Just weird, weird, weird.

Go fsck thyself.

I can detect gross problems with a claim, such as unsupported assertions, misleading presentation, logical fallacies, and crude models.

There are many people out there, not all of them leftists, who cynically produce propaganda to gain public support for their agenda. To them, the ends justify the means.

Obviously you cannot.

I think some religious conservatives get upset about human-caused global warming because it implies that God did not do a good enough job preparing earth for the presence of masses of humanity. You know the basic idea – God told us way back in Genesis that we were to go forth and multiply!
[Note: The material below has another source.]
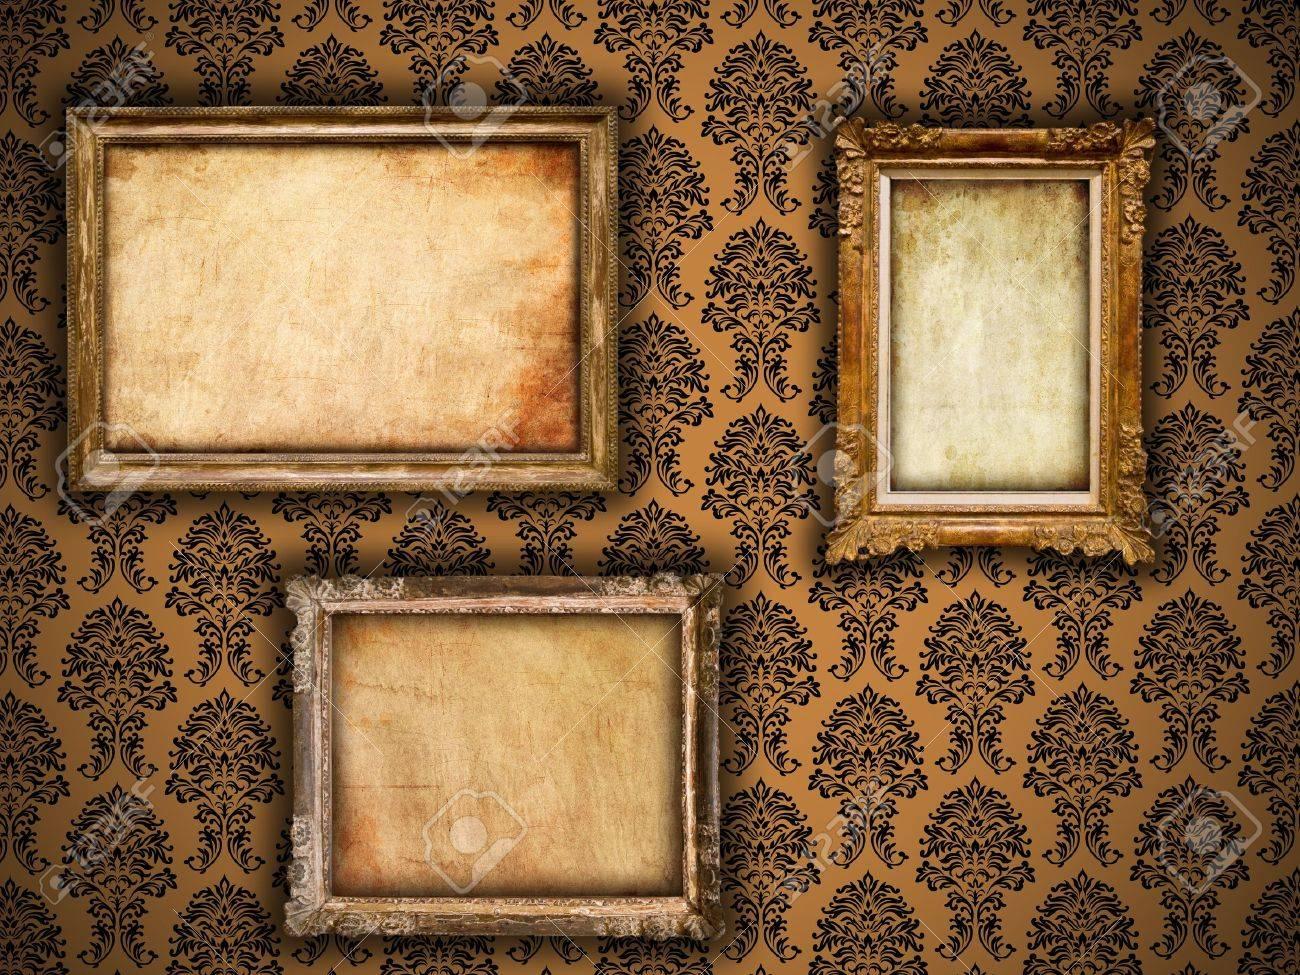 Gilded frames on vintage damask style wallpaper background and gilded frames on vintage damask style wallpaper background and grunge retro paper inserts stock photo jeuxipadfo Gallery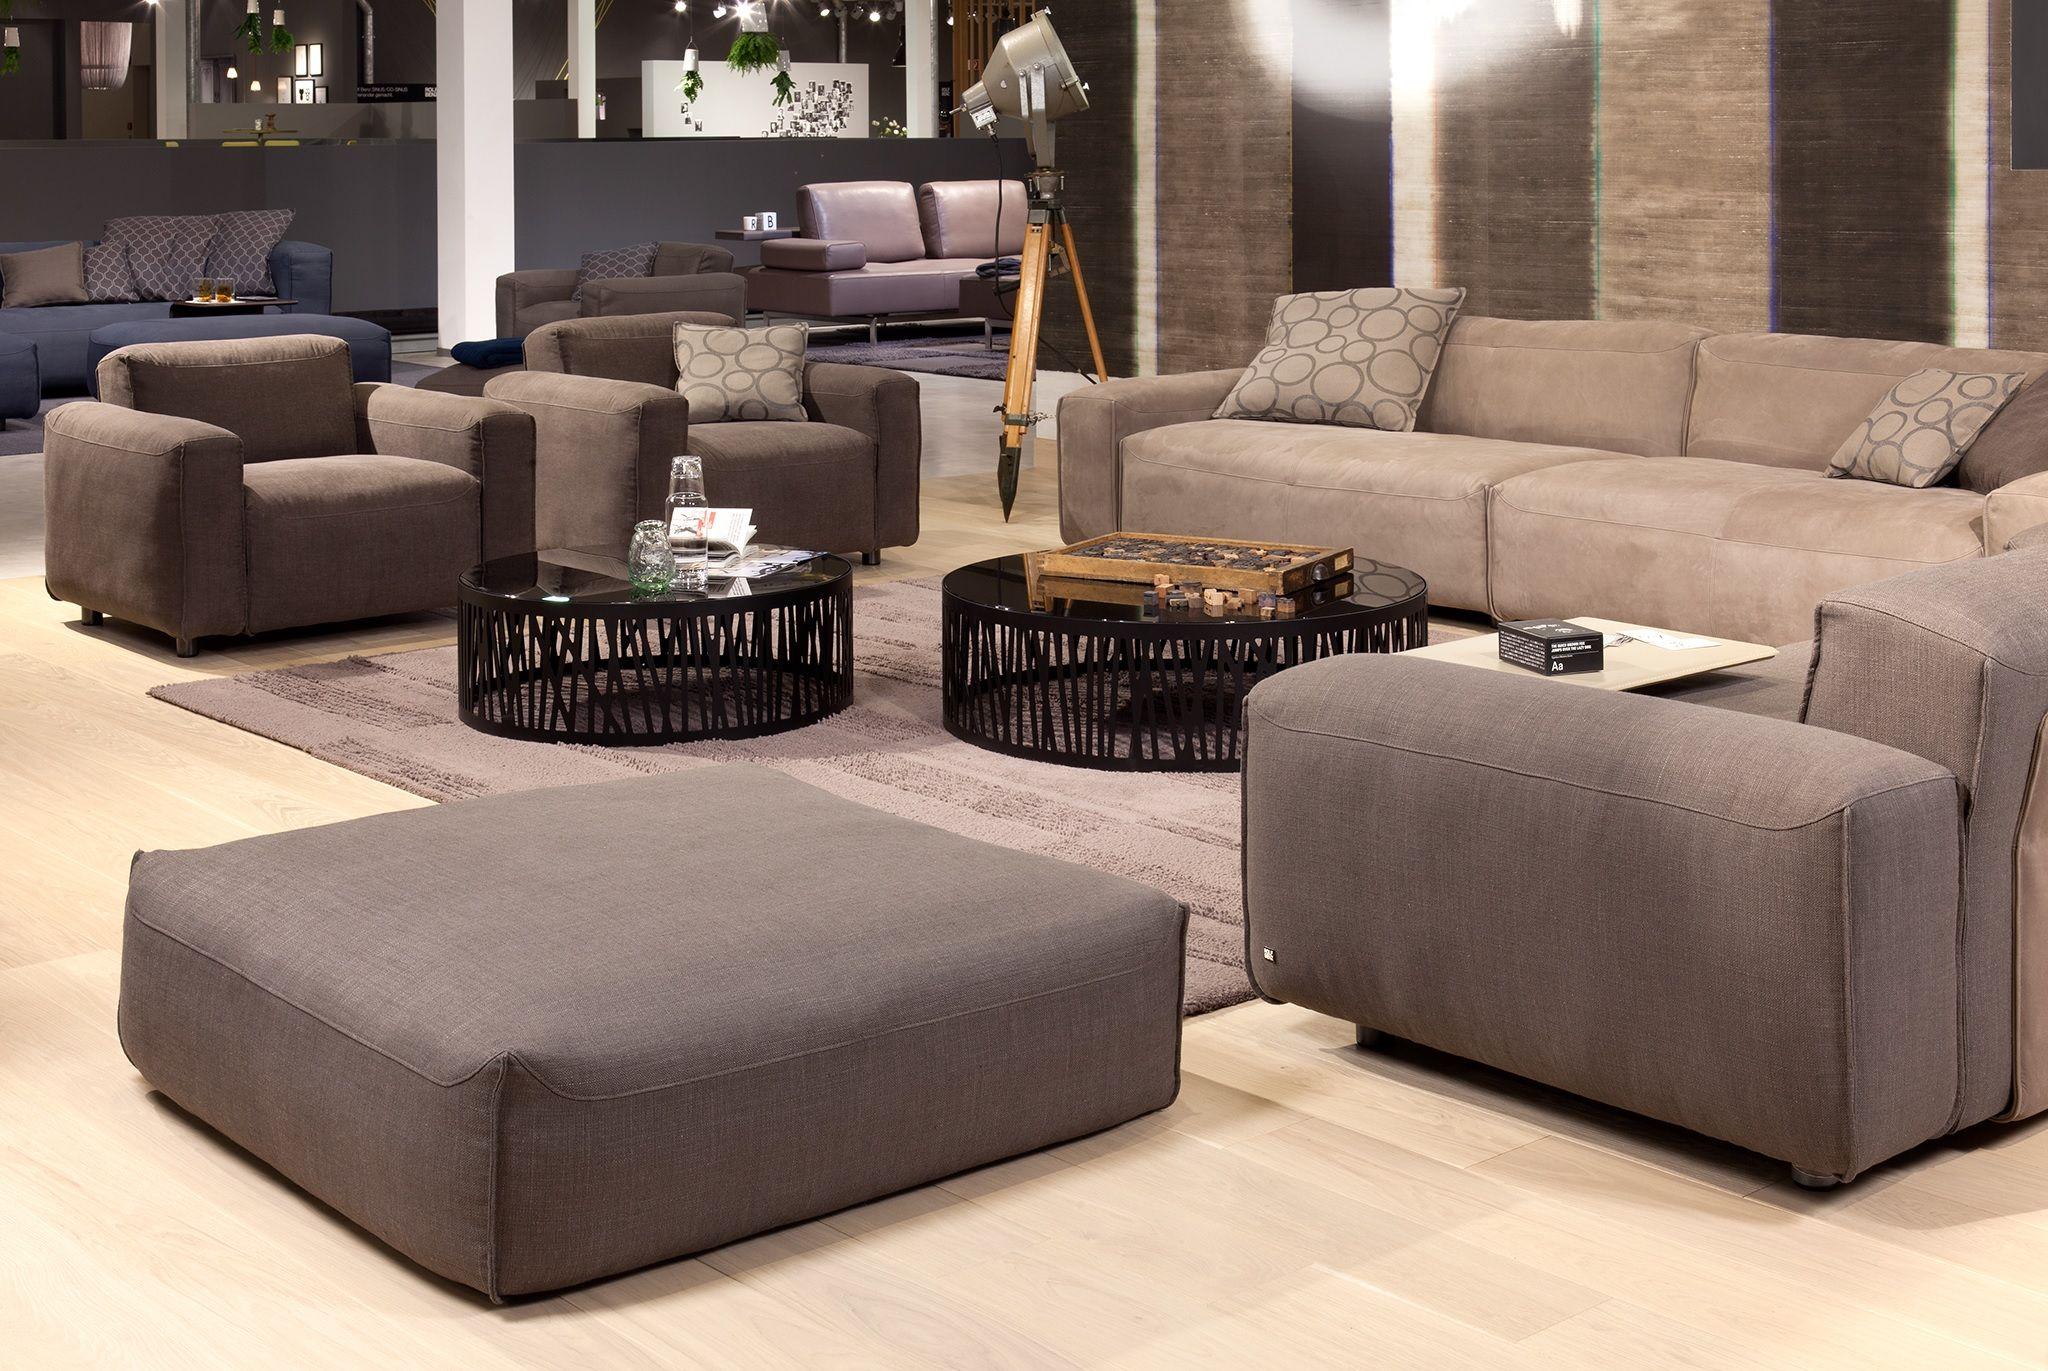 Rolf Benz Mio. Design Norbert Beck. Furniture

So it is not going to matter how many of us there are, or what we do to the environment with our various and sundry technological advances – God made the earth specifically for us, we can do whatever we want to it, and it will be fine! If our actions can actually cause harm to the planet, that makes God less than omniscient, and we can’t have that!

What do you guys think of that? I have had discussions with some of my religiously conservative friends, and while they did not exactly come out and say this, I got the impression that global warming was seen as threatening precisely because of this “God did not do a good enough job creating earth” implication!

I proposed exactly that theory on another message board a while back. I’m inclined to think it’s true.